Re: [ISSUE 34] Quality error category proposal

Hi Yves, all,

"overlap" solutions for XML or SGML (see an overview at
http://www.tei-c.org/release/doc/tei-p5-doc/en/html/NH.html
) always have drawbacks like: XPath expressions get complicated ("give me
all pieces of content that are not translatable, that are a term etc.), you
cannot use various kinds of metadata that relies on the tree structure (in
addition to ITS, e.g. "dir" attribute or lang and xml:lang, including XPath
"lang()" function), and validation with schema languages gets useless,
since the references are not part of the content models.

ITS 2.0 has XLIFF roundtripping as one scenario, but others scenarios
(general XML and HTML5) that rely on the tree structure.
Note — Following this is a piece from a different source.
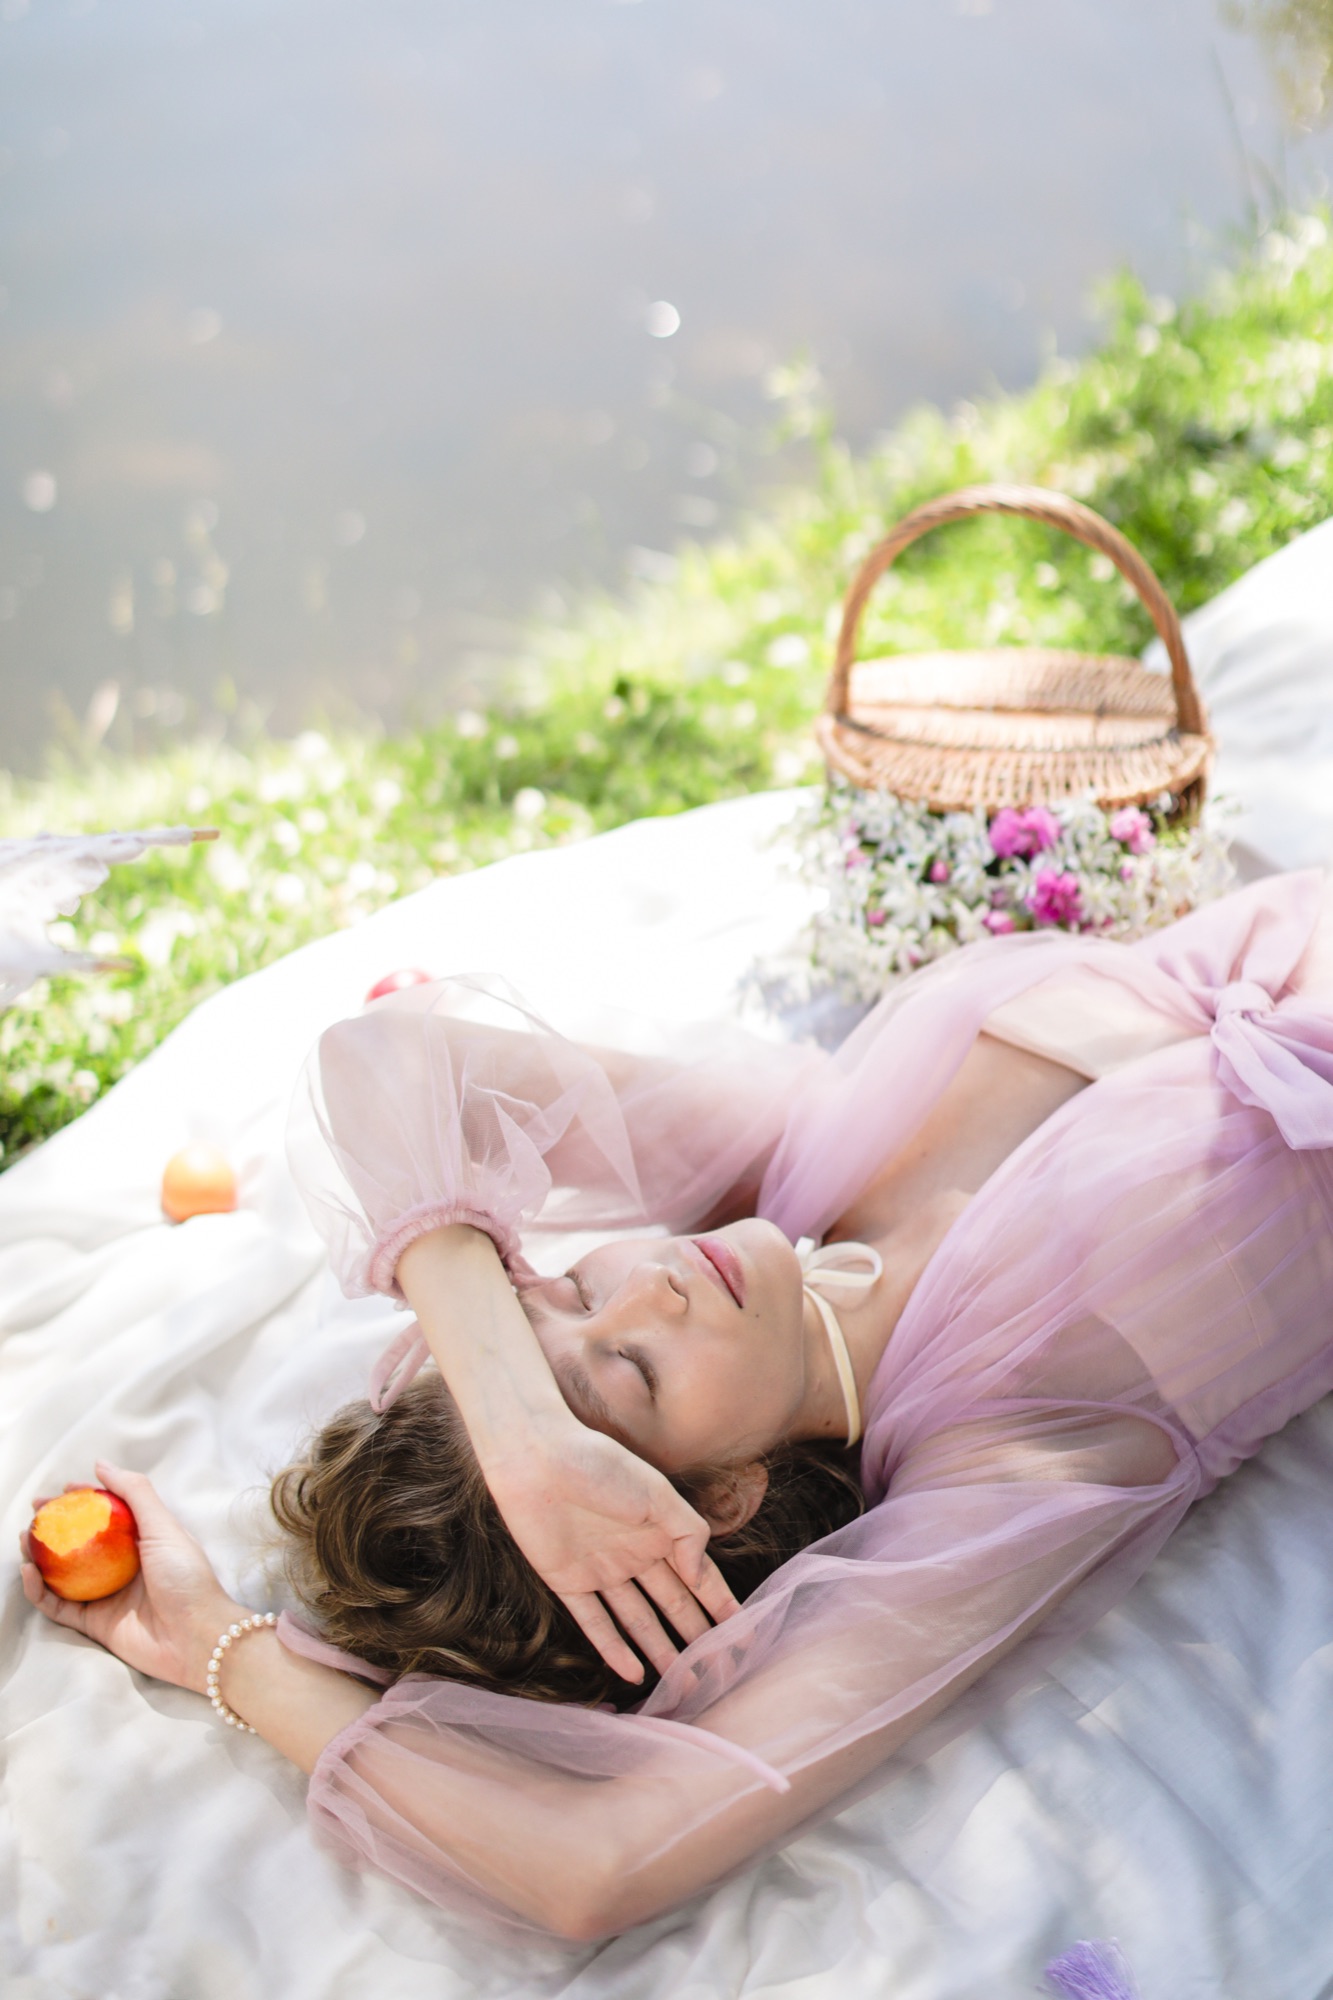 A young female wearing a pink and white dress. She is lying down carefree, on a pick-nick setting, holding in her hand a half-eaten peach. Her eyes are closed while enjoying the sunny weather, next to her is a beautiful pick-nick basket decorated with pink and white flowers.

From my
understanding, the standoff approach of XLIFF creates problems for various
kinds of metadata (see above). So one could define a round-tripping
approach that moves the metadata to referenceable sections, e.g. from HTML5
<span its-term="yes" its-loc-note-type="alert"
its-loc-note-description="...">...</span>
to
<mrk id='m1' type='x-itsinfo' ref="#itsinfo1">...</mrk>
<metadata id="itsinfo" its-term="yes" its-loc-note-type="alert"
its-loc-note-description="...">
...
</metadata>

I think round tripping wouldn't be an issue here.

Best,

Felix

2012/7/11 Yves Savourel <ysavourel@enlaso.com>

> Hi Felix, Arle, Phil, all,
>
> There is something that doesn't feel right about that simple solution.
> I still need to think more about it.
>
> But meanwhile, I wanted to point out something else:
>
> Obviously having multiple attribute on a span-like element is the less
> intrusive way to annotate in HTML5, and possibly in many XML formats. But
> this pauses a challenge in XLIFF 2.0.
>
>
> In XLIFF 1.2 we would possibly use the ITS attribute directly in <mrk> and
> get something like this:
>
> <target>Insert the <mrk mtype='x-itsqa' its:error="yes"
> its:errorInfo="Should be USB key" its:error????="URI to machine readable
> information">Pen Drive</span> in the USB port</target>
>
>
> In XLIFF 2.0 the pattern to annotate a content is quite different.
>
> Using attributes for annotation is not working very well when the data
> reaches a certain level of complexity.
>
> - if the information is very short we would use the 'type' and 'value'
> attribute of <mrk> to hold the information.
>
> - if the information is complex we would point to an outside element. So
> something like this:
>
> <unit>
>  <segment>
>   <source>...</source>
>   <target>Insert the <mrk id='m1' type='x-itsqa' ref="#qa1">Pen
> Drive</mrk> in the USB port</target>
>  </segment>
>  <its:qaEntry id="qa1">
>   <its:qaNote>Should be USB key</its:Note>
>   ... any extra info
>  </ext:itsQA>
> </unit>
>
> In addition one thing that was not provided in 1.2 but is in 2.0: how to
> deal with overlapping spans.
>
> Some background:
>
> <mrk> can be used for many things, including annotating things that
> overlap: for example a QA annotation and a user comment:
>
> <target>Insert <mrk id='m1' type="comment" value="Not sure about 'the
> pen'" >the <mrk id='m2' type='x-itsqa' ref="#qa1">Pen</mrk> Drive</mrk> in
> the USB port<target>
>
> But such notation obviously doesn't work because it's not well-formed.
> (Remember that we can't control how annotations are created: XLIFF is just
> an input/output, we can only provide a way to represent these cases. And
> even if we had some control on the creation, <mrk> can be broken by
> segmentation, so there is no easy way to always use <mk>...</mrk>).
>
> To represent non-well-formed annotations, we use the same principle as for
> inline spanning codes: we change the spanning element to two empty elements
> that indicate the start and end of the span:
>
> <target>Insert <sm id='m1' type="comment" value="Not sure about 'the
> pen'"/>the <sm id='m2' type='x-itsqa' ref="#qa1"/>Pen<em rid='m1'/>
> Drive<em rid='m2'/> in the USB port<target>
>
> So what's the problem? We can still use the ITS attribute no?
> No, because the scope of the ITS local attributes is the content of the
> element where the attribute is. So when we use <sm/>...<em/> instead of
> <mrk>...<mrk> the scope on <sm/> is an empty content.
>
> This is not an issue when we use type and value (the simple annotation)
> because the semantic of those attributes takes into account the <sm>/<em>
> notation.
>
> In anycase, since we do have a way to point to an element somewhere else
> in the <unit>, it would be the natural way to annotate XLIFF 2.0 for
> 'complex' annotations, like the QA info.
>
> Cheers,
> -yves
>
>
>


-- 
Felix Sasaki
DFKI / W3C Fellow

Received on Wednesday, 11 July 2012 09:49:30 UTC